高卒社員は18歳。「辞めたい」と相談された保護者の反応が離職の可否を決定づけます。

  • 入社1ヶ月・3ヶ月時点で保護者への報告書を送付
  • 「お子様が○○の資格を取得しました」など成長の共有
  • 保護者向け会社見学会の開催
  • 問題が深刻化する前に保護者と情報共有できる関係構築

5. 入社1年目の時期別フォロー策

時期離職リスク心理状態必須アクション
入社〜2週間環境激変、「居場所がない」歓迎会・ウェルカムボードメンター紹介毎日の声かけ
1ヶ月(GW前後)最高五月病、「辞めたい」1on1面談の継続保護者への状況報告GW明け特別フォロー
3ヶ月「成長していない」不安本採用面談成長の振り返り次の目標設定
6ヶ月他社比較「友達の方がいい」昇給シミュレーションキャリアパス面談資格取得提案
1年目マンネリ化「このままでいいか」新しい業務アサイン後輩指導役への任命1年間の成果発表

最重要ポイント:入社後1ヶ月が勝負

GW前後の1ヶ月目が最大の離職リスク期間です。

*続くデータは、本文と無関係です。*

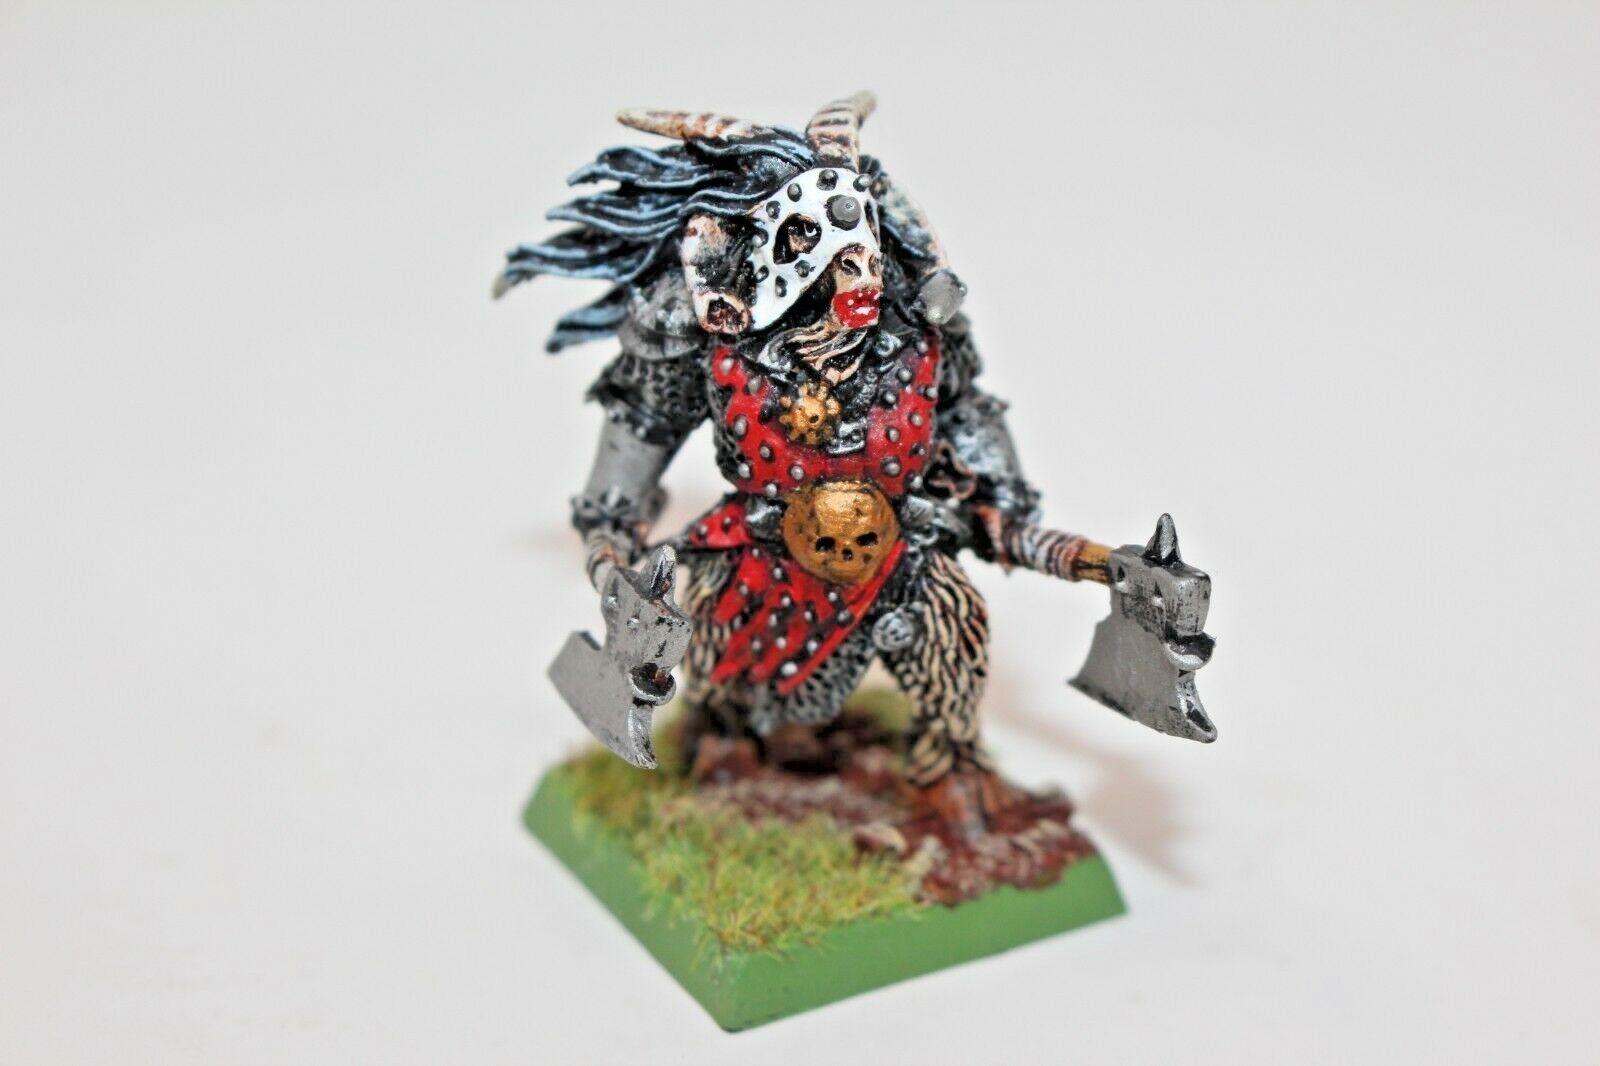 Warhammer beastmen beastlord mit gepaart mann ripper achsen metall gut gemalt

この時期に集中的なフォローができるかどうかで、3年後の定着率が大きく変わります。岩手県では人口減少で「辞められたら次の採用が極めて困難」な状況のため、先手のフォローが不可欠です。

6. 沿岸部の特殊事情と対策

岩手県沿岸部(宮古市・釜石市・大船渡市・陸前高田市)は、東日本大震災の復興工事が一段落したことで雇用環境が大きく変化しています。

復興後の建設業の課題

復興需要で一時的に増加した建設業の雇用が減少局面に入り、若年層の盛岡圏・仙台圏への移動が加速しています。建設業の3年以内離職率は42.4%と高く、復興事業で入社した若者の流出防止が喫緊の課題です。

沿岸部での定着率向上策

住居支援の充実

社宅の提供や、県の「若者・地域応援住宅支援事業(Wi-Fi付き県営住宅)」の情報提供で、生活基盤の安定を支援。

地域の魅力の再発見

三陸の豊かな食文化、海のアクティビティ、復興のストーリーなど、沿岸部ならではの生活の魅力を社員に体感させる。

水産業との連携

アワビ生産量日本一の岩手県水産業との連携で、「この地域でしかできない仕事」の価値を訴求。

リモートワーク環境の整備

事務系業務の一部をリモート化し、「沿岸に住みながら多様な働き方ができる」環境を整備。

よくある質問

Q. 高卒就職者の3年以内離職率はどれくらいですか?

A. 全国平均で37.9%です(令和4年3月卒データ)。岩手県単独のデータは厚労省から非公表ですが、製造業・建設業比率が高いことから全国平均と同程度と推測されます。

Q. 入社1年目で最も離職リスクが高い時期は?

A. 入社後1ヶ月(GW前後の五月病)と3ヶ月目(試用期間終了時)が最もリスクが高い時期です。この2つの時期に集中的なフォローを行うことが定着率向上の鍵です。

Q. 沿岸部で定着率を上げるにはどうすればよいですか?

A. 住居支援、地域コミュニティとの連携、資格取得支援が有効です。特に「この地域にいる理由」を仕事以外にも作ることが重要です。

Q. 定着率向上に最も効果的な施策は?

A. メンター制度の導入が最も効果的です。離職理由1位の「人間関係」に直接対応でき、入社3〜5年目の先輩社員をメンターに配置することで孤立を防ぎます。